From The Nation
Dated Monday August 8
Why AIPAC Indictment Is Bad News for Rove
By David Corn
Last week, the Justice Department issued a new indictment of Lawrence Franklin, the Pentagon official accused of passing secrets to officials of AIPAC, the pro-Israel lobbying outfit. The indictment is bad news for the Bush White House and Karl Rove.
That's not only because the Franklin case is embarrassing for the administration, the Pentagon, and their neocon allies. (Franklin worked with Douglas Feith, who until recently was a senior Pentagon official close to the neocons.) The Franklin indictment is a sign that Rove and any other White House aide involved in the Plame/CIA leak might be vulnerable to prosecution under the Espionage Act.

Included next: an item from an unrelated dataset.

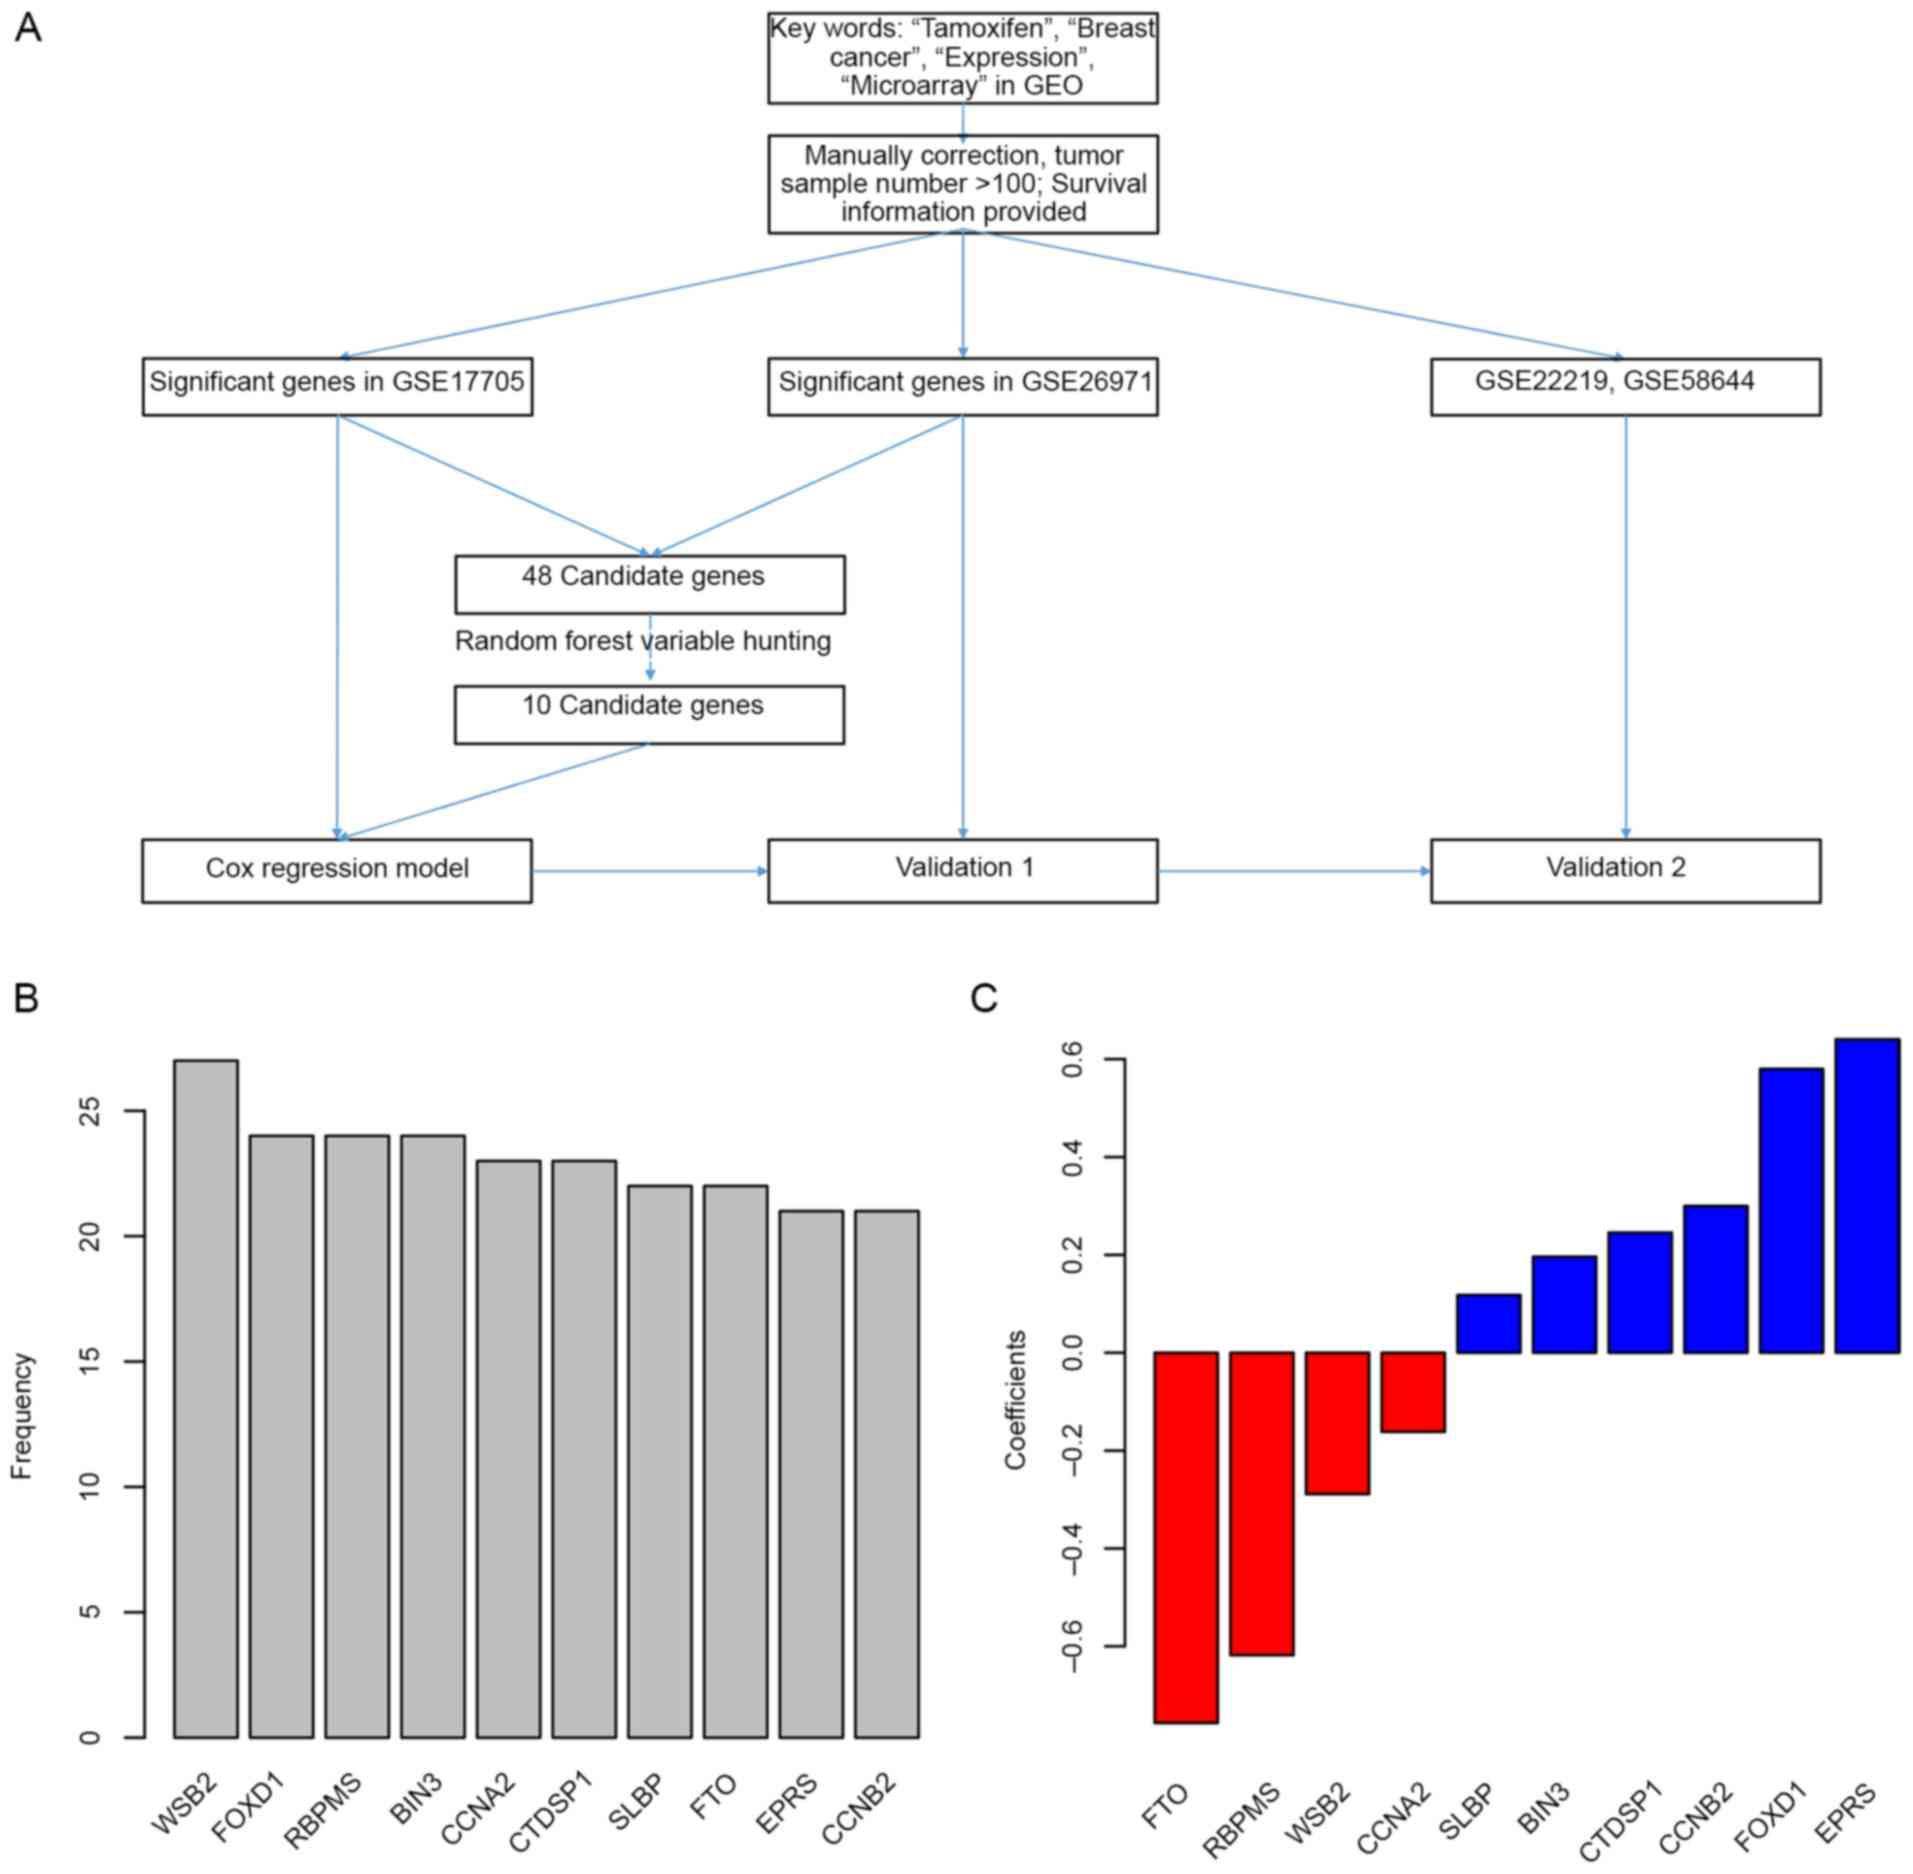 Transcriptomic Signature Predicts The Distant Relapse In

Special prosecutor Patrick Fitzgerald--who is not involved in the Franklin prosecution--has not had to state publicly what sort of case he is trying to build in the Plame/CIA leak matter. The most obvious one would be based on the charge that the leaker violated the Intelligence Identities Protection Act. But that law was narrowly drawn, and to win a conviction Fitzgerald would have to prove that Rove or any other leaker knew that Valerie Wilson was working under cover at the CIA. There are, however, other laws under which Fitzgerald might charge the CIA/Plame leakers. The Franklin indictment points the way. (And criminal law aside, by sharing classified information with at least two reporters--Valerie Wilson's employment at the CIA was classified--Rove committed an offense that violated various rules and would get most government workers seriously punished or dismissed.)
Read more.
The GOP noise machine has its talking points and its partisans will no doubt be repeating them.
The talking points are all red herrings. The investigation is about who blew a CIA operative's cover.
Neither in his piece in
The New York Times nor anywhere else did Wilson blow his wife's cover. Robert Novak did that. The question is:
where did Novak get his information? That is what Mr. Fitzgerald is investigating. That is all that is important.